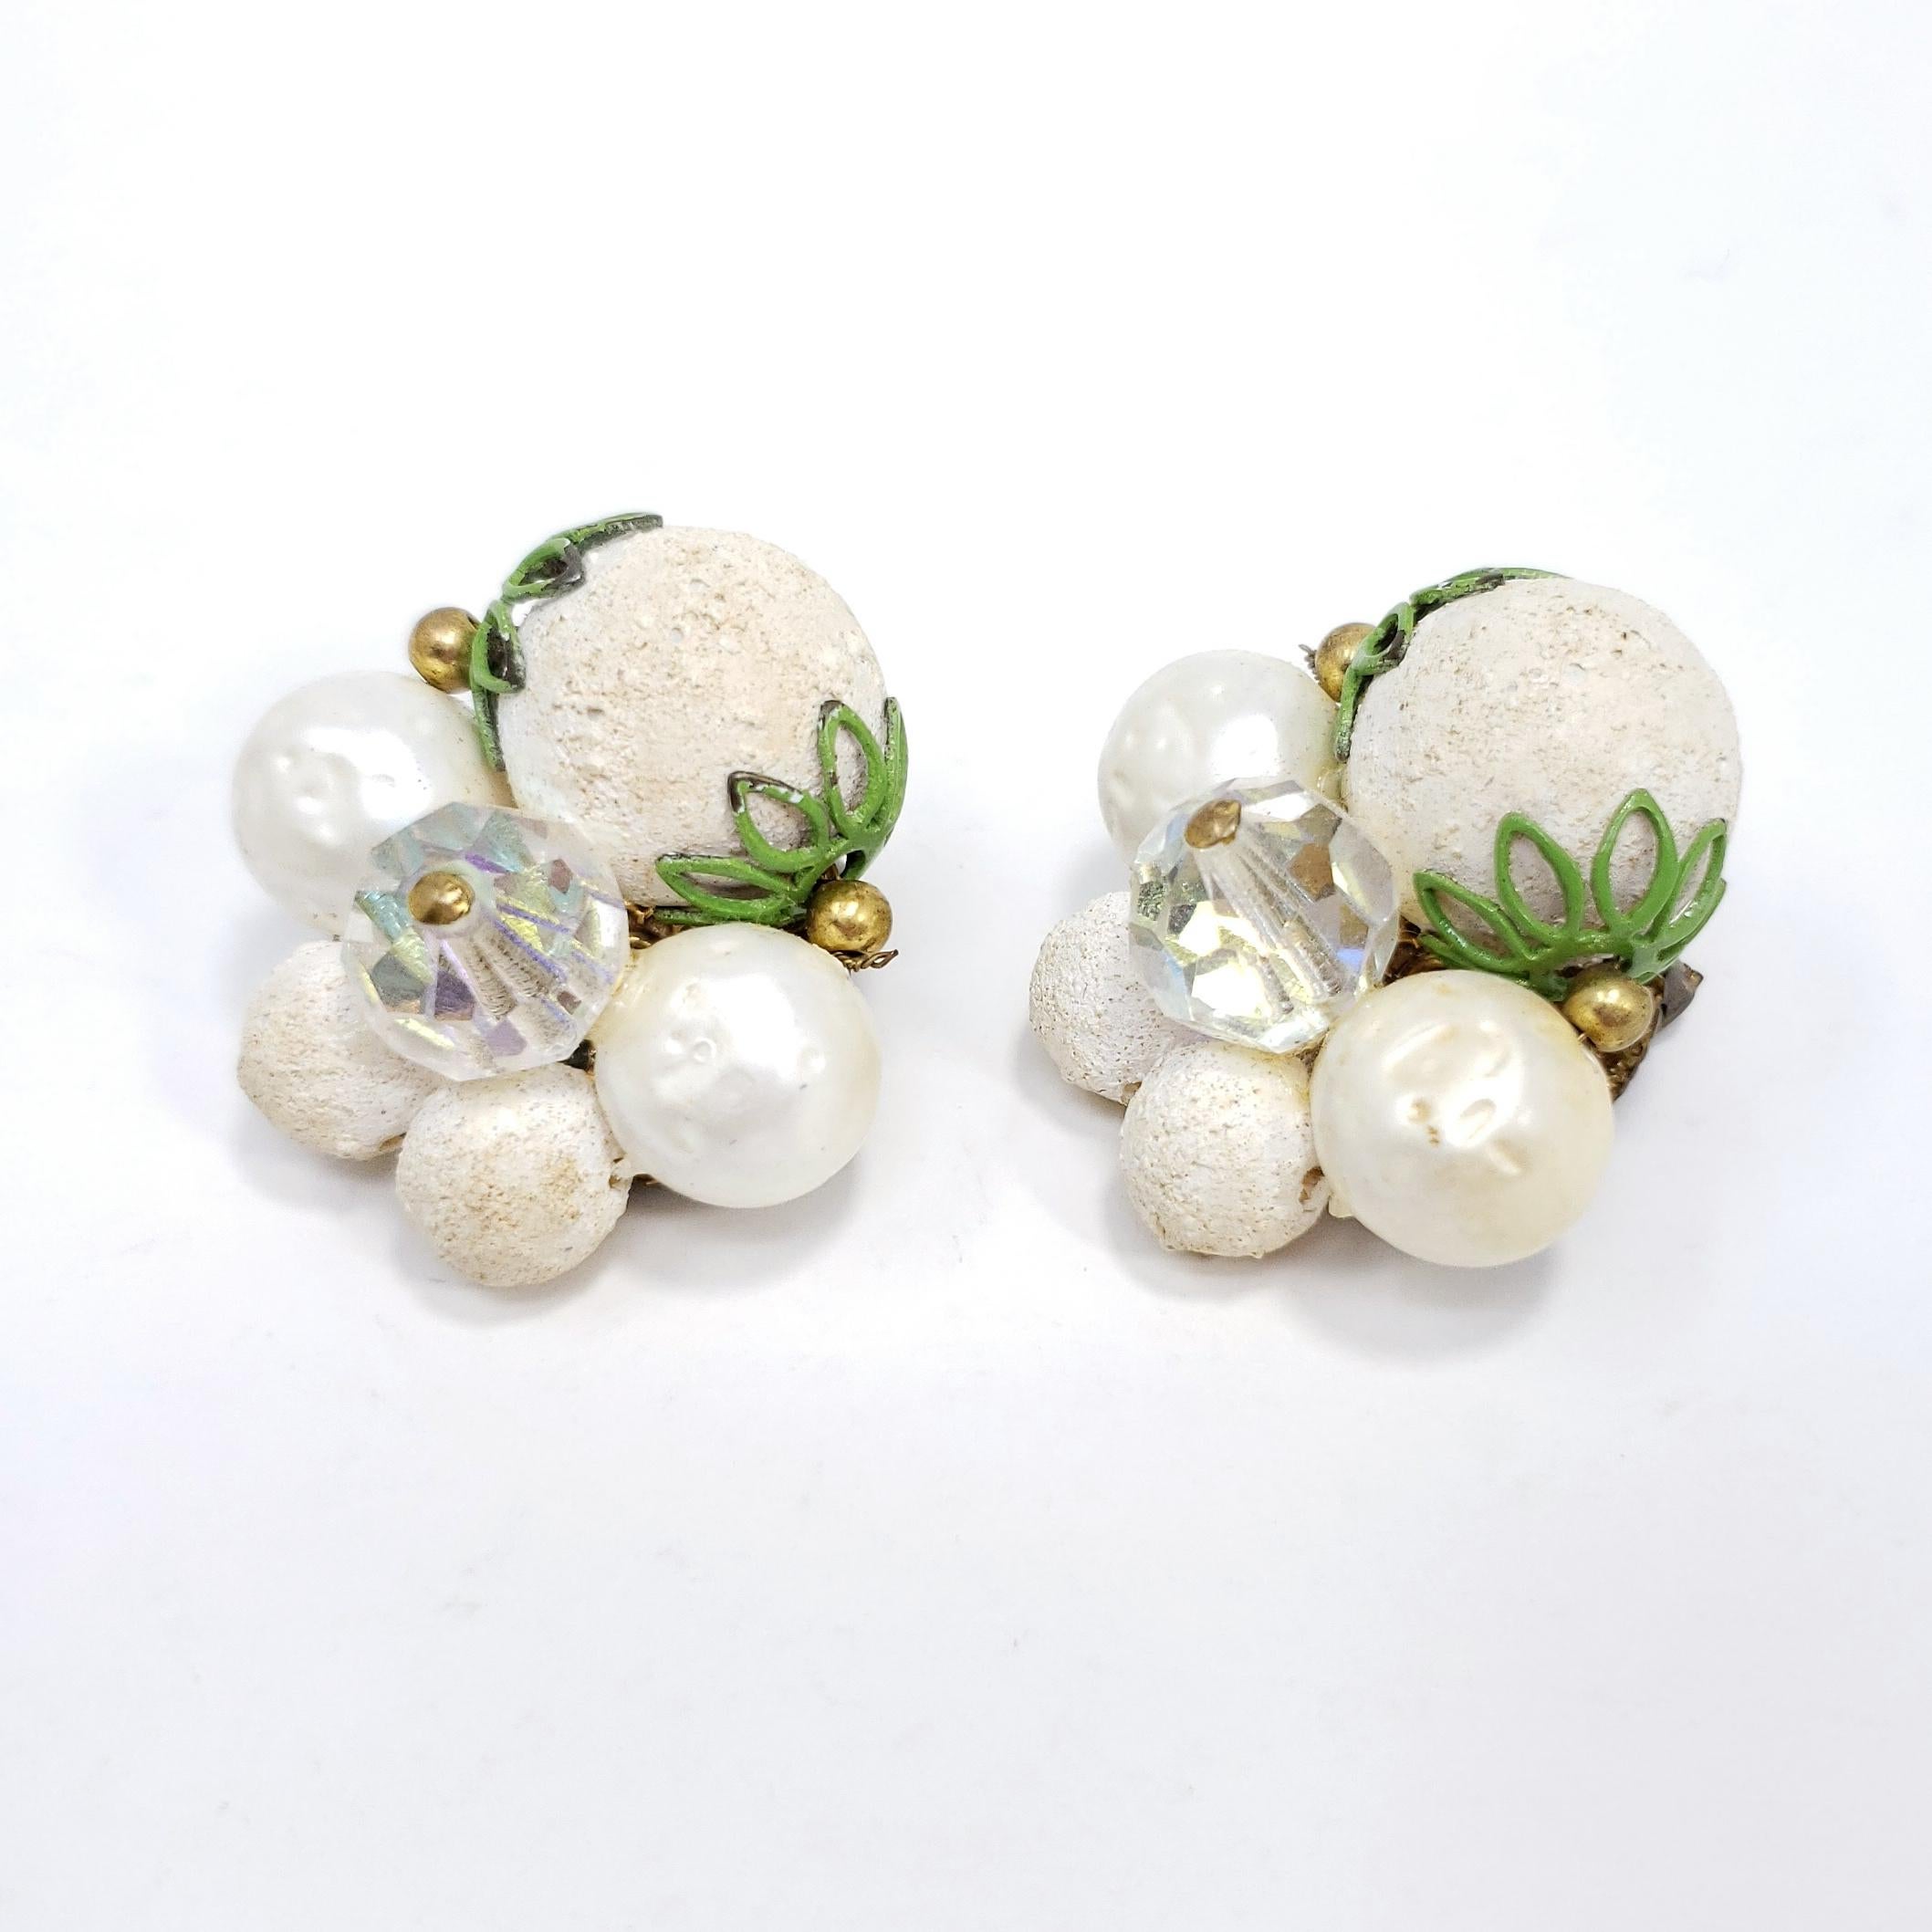 Retro-Schick! Diese Vintage-Clip-Ohrringe bestehen aus einer Gruppe strukturierter weißer Perlen mit grünen und messingfarbenen Akzenten.

Um die Mitte des 19. Jahrhunderts. Messing-Ton.
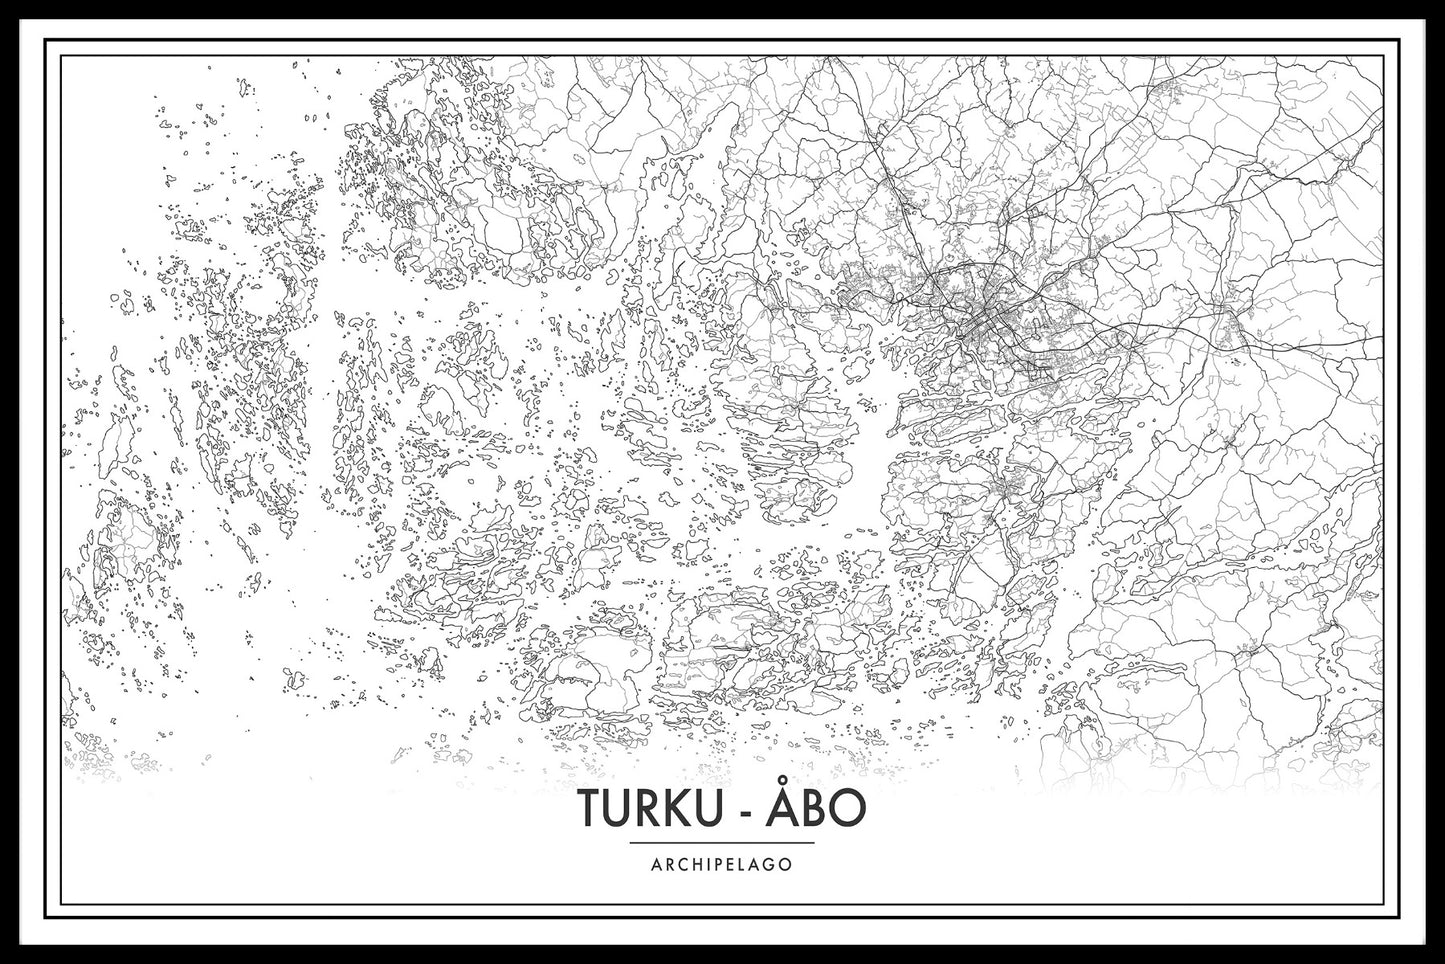  Karteneinträge für die Karte des Archipels von Turku

⁂

# About this exercise
For this copy, leave pictures out and reproduce the lines from the one bearing "Um die Mitte" through the final line of the listing above, both ends included.

# The answer
Um die Mitte des 19. Jahrhunderts. Messing-Ton.
  Karteneinträge für die Karte des Archipels von Turku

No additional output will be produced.